I'm trying to understand the code better but obviously it's a major endeavor to get a grasp on the stuff you guys have put together. C++ is easy to read of course, but understanding the hardware emulation is another story.

Reply 8 of 16, by Qbix

User metadata
Rank DOSBox Author
Rank
DOSBox Author

For your information purposes:
DOSBox 0.72 was compiled with GCC 3.4.4

CXXFLAGS=" -s -O3 -fomit-frame-pointer -ffast-math -march=i586 -mtune=i686 -fexpensive-optimizations"
and
--enable-core-inline

-O2 instead of -O3 might be faster.

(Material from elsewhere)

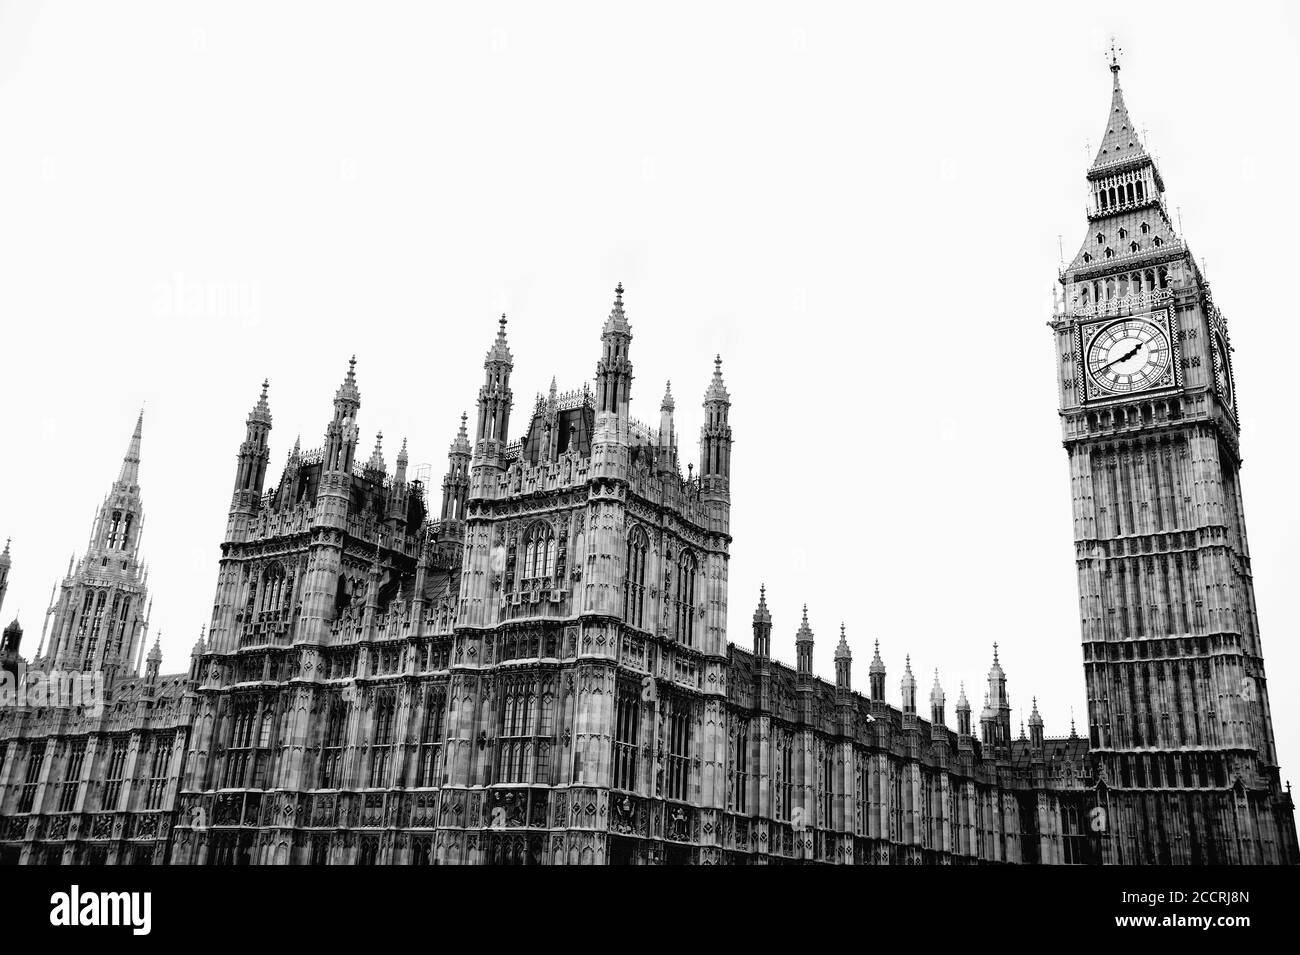 Schwarz-Weiß-Bild der Houses of Parliament in Westminster London England Großbritannien ist ein beliebtes Reiseziel Touristenattraktion Wahrzeichen sto Stockfoto

At least I had that feeling a few times. but it is hard to benchmark.

Water flows down the stream
How to ask questions the smart way!

Reply 9 of 16, by wd

User metadata
Rank DOSBox Author
Rank
DOSBox Author

even vectorizing and mfpmath=sse, did basically nothing to improve or even worsen performance.

The dynamic core uses some non-trivial loading/saving of the fpu state which
might not work well together with mmx/sse/whatever code in other parts of
the emulation (it's funny that it works at all *g* ).

Reply 10 of 16, by jal

User metadata
Rank Oldbie
Rank
Oldbie
swaaye wrote:

out of the little 900MHz Celeron M inside it

Unless you have 'over'clocked it, it actually runs on 630MHz, since it is underclocked by default.

JAL

Reply 11 of 16, by swaaye

User metadata
Rank l33t++
Rank
l33t++

Actually, on the Eee900 it starts at 900 MHz. There is an option in the BIOS for "power save mode" which puts it at 630 MHz and undervolts everything. On "performance" mode, it starts at 900 Mhz and I've found that it'll do 1000 MHz fine. On power save, it can only handle 750 MHz oc.

Reply 12 of 16, by jal

User metadata
Rank Oldbie
Rank
Oldbie
swaaye wrote:

Actually, on the Eee900 it starts at 900 MHz. There is an option in the BIOS for "power save mode" which puts it at 630 MHz and undervolts everything. On "performance" mode, it starts at 900 Mhz and I've found that it'll do 1000 MHz fine. On power save, it can only handle 750 MHz oc.

Ok, that's good to know, as I've got a 900. The wiki on eeeuser.com is quite out of date.

JAL

Reply 13 of 16, by swaaye

User metadata
Rank l33t++
Rank
l33t++

I've found that my Athlon 64 3000+ in my big notebook is a little over 2x faster than this EeePC at 1000 MHz. Going by a Quake timedemo. With the same compile optimized for a Pentium M 🤣. Poor little Dothan CPU misses its 2MB cache I think. The A64 is an old Clawhammer with 1MB L2 @ 1800MHz.

Reply 14 of 16, by jal

User metadata
Rank Oldbie
Rank
Oldbie

Sigh... I was being lazy and downloaded the precompiled executable, only to find out it was a Windows EXE (I'm running Linux 😀)

JAL

Reply 15 of 16, by swaaye

User metadata
Rank l33t++
Rank
l33t++

well you'll just have to try to figure out how to build it on there. 😀

Reply 16 of 16, by jal

User metadata
Rank Oldbie
Rank
Oldbie

yeah, no doubt I can, but then I have to find out how to install gcc, sdl, and the whole muck, and I was happy to avoid that 😀.

JAL